Lou Reed. Schinitzer Concert Hall Portland, OR

Lou Reed. Schinitzer Concert Hall Portland, OR (Photo credit: Wikipedia)

When I heard the news I thought of other artists from the 60’s and 70’s who have passed on to what’s next. In fact, back in 1974 the Righteous Brothers did a tribute song to artists that died young, usually from drug overdoses. The list in 1974 included Jimi Hendrix, Janis Joplin and Jim Morrison of the Doors. The Righteous Brothers did a remake in 1991 (below) to take into account other artists who had passed since 1974.

One of the lines in the tribute is “if there is a rock and roll heaven, then you know they have one hell of a band.”

Another line is, “if you believe in forever, the life is just a one night stand.”

The song is heavy on sentimentality as well as appreciating the various artists for their contributions to rock and roll history. In 1974 I reacted to it with some sentimentality (I really liked Hendrix) and a vague nod to the line that if heaven had a rock band these folks would be in it.

In 1974 I was in my agnostic days, not real sure there was a God, but if there was he would be a swell guy and when we died all good folks would be in heaven (if there was one) with him. That would include all the rock idols who died and were mentioned in the Righteous Brothers tribute song.

Then as now, people make assumptions about heaven and even more assumptions about God (if they even consider him at all) as well as assumptions about their own goodness. I was one such person. If there was a heaven and a swell God then I was probably good enough to make the cut.
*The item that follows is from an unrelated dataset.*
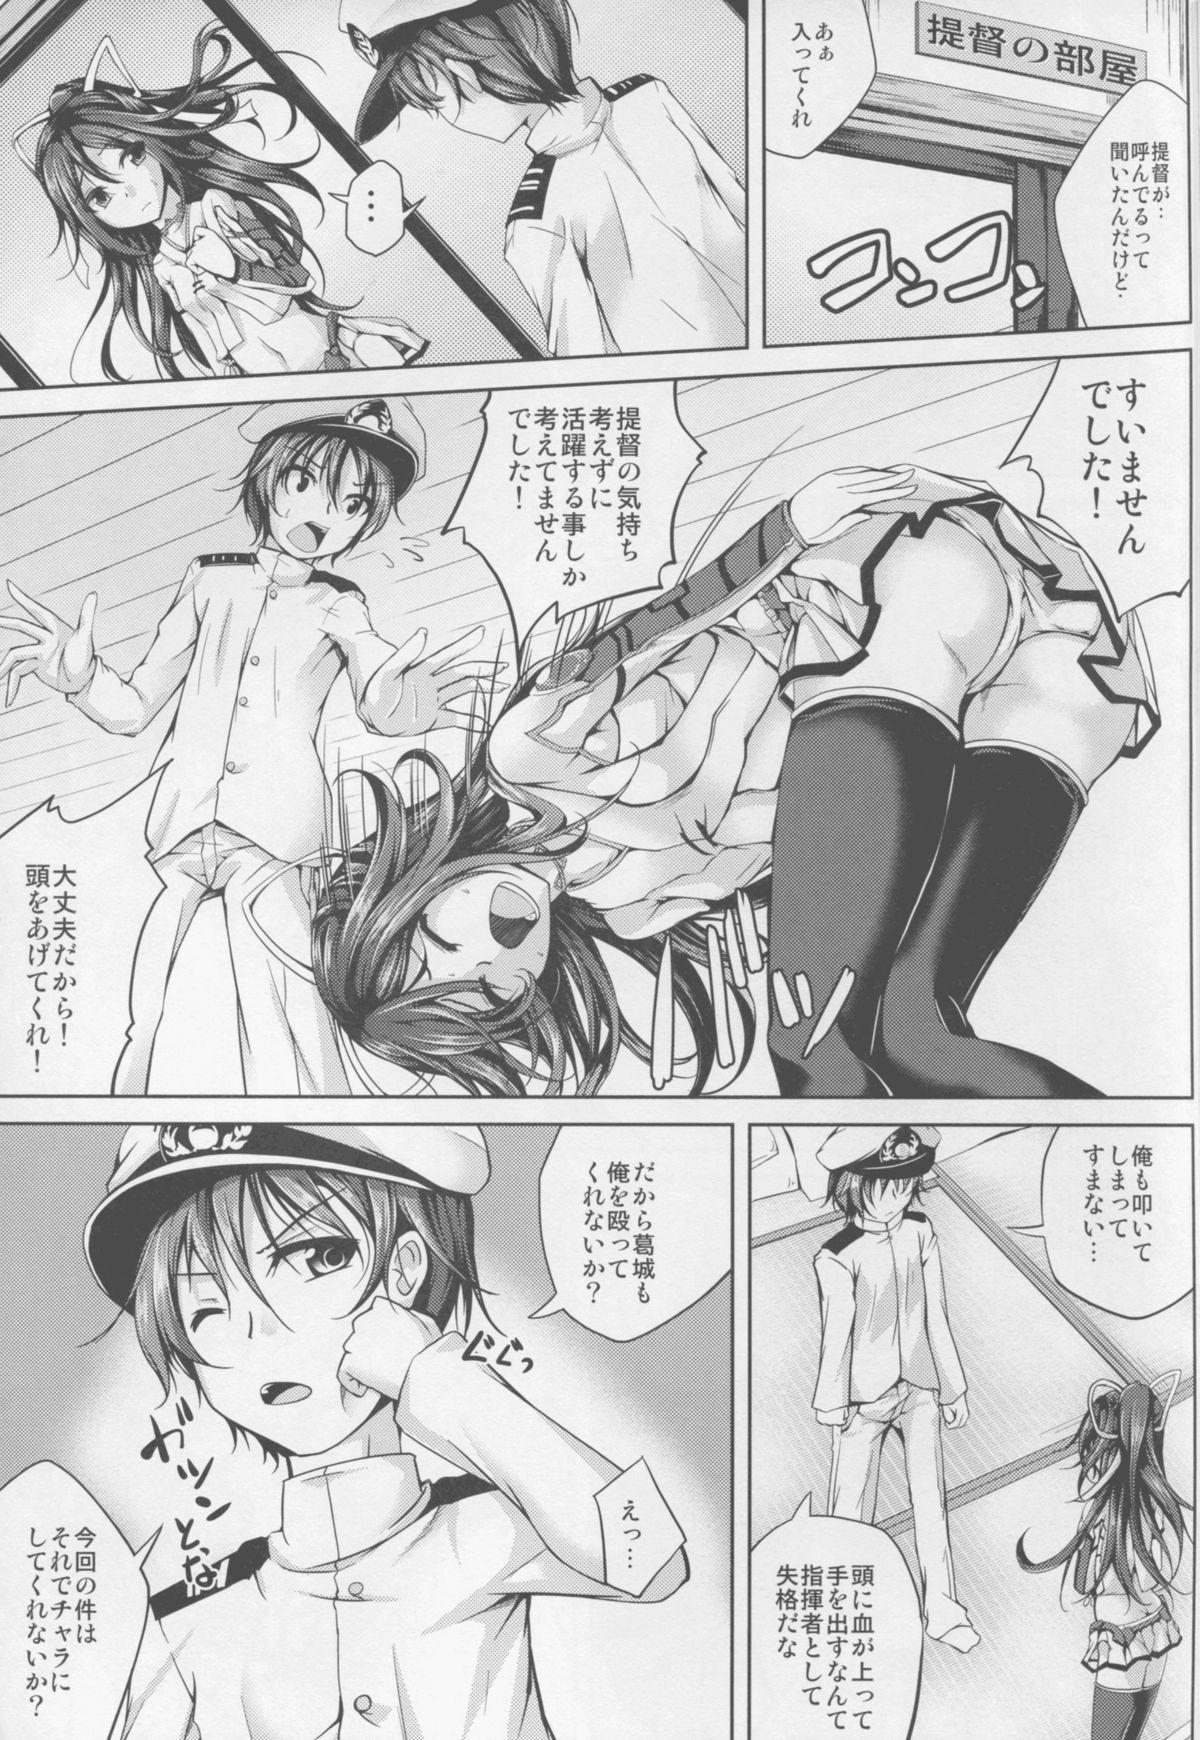 Caught Koiiro Moyou 13 - Kantai collection Cum Swallowing - Page 9

When I visited YouTube to listen to Lou Reed’s Sweet Jane once more comments assumed that old Lou was now in that awesome, heavenly, rock and roll band. That saddened me.
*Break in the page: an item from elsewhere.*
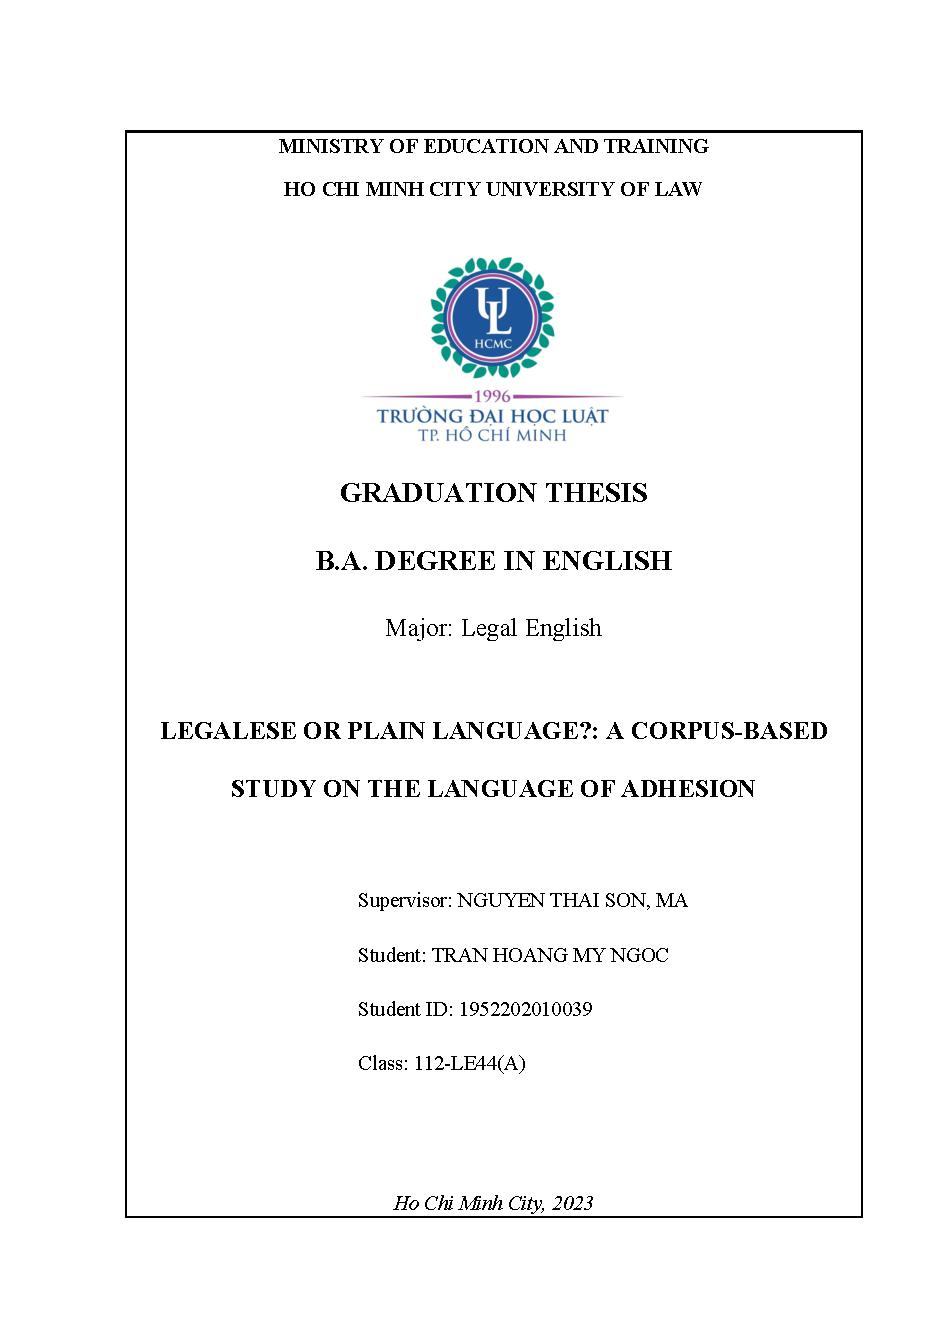 Legalese or Plain Language A corpus-based study on the language of adhesion contracts

A long time ago a wealthy young man approached Jesus and he asked what must he do to inherit eternal life. He asked the best question that anyone could ever ask and he asked the right person to boot. He didn’t like the answer because he valued something else more, but at least had the sense to ask the right question to the right person. (Mark 10:17-31)

It was with sadness that I learned of Lou Reed’s passing. It was not because I thought he was a great artist and all that sentimental stuff. What I know of Lou Reed was true of many of my rock and roll idols from the 60’s and 70’s. They may have been great musicians and singers but they rarely, if  ever considered eternal things and on the whole, as one friend noted, were lousy role models. Like me, they made assumptions and probably like that wealthy young man so many years ago never considered what Jesus had to say about what comes next and what it takes to get there.
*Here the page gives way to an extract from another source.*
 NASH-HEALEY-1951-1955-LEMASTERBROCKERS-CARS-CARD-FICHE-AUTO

As for God being a swell guy? I like what C.S. Lewis said in the Lion, the Witch and the Wardrobe:

“Aslan is a lion- the Lion, the great Lion.” “Ooh” said Susan. “I’d thought he was a man. Is he-quite safe? I shall feel rather nervous about meeting a lion”…”Safe?” said Mr Beaver …”Who said anything about safe? ‘Course he isn’t safe. But he’s good. He’s the King, I tell you.”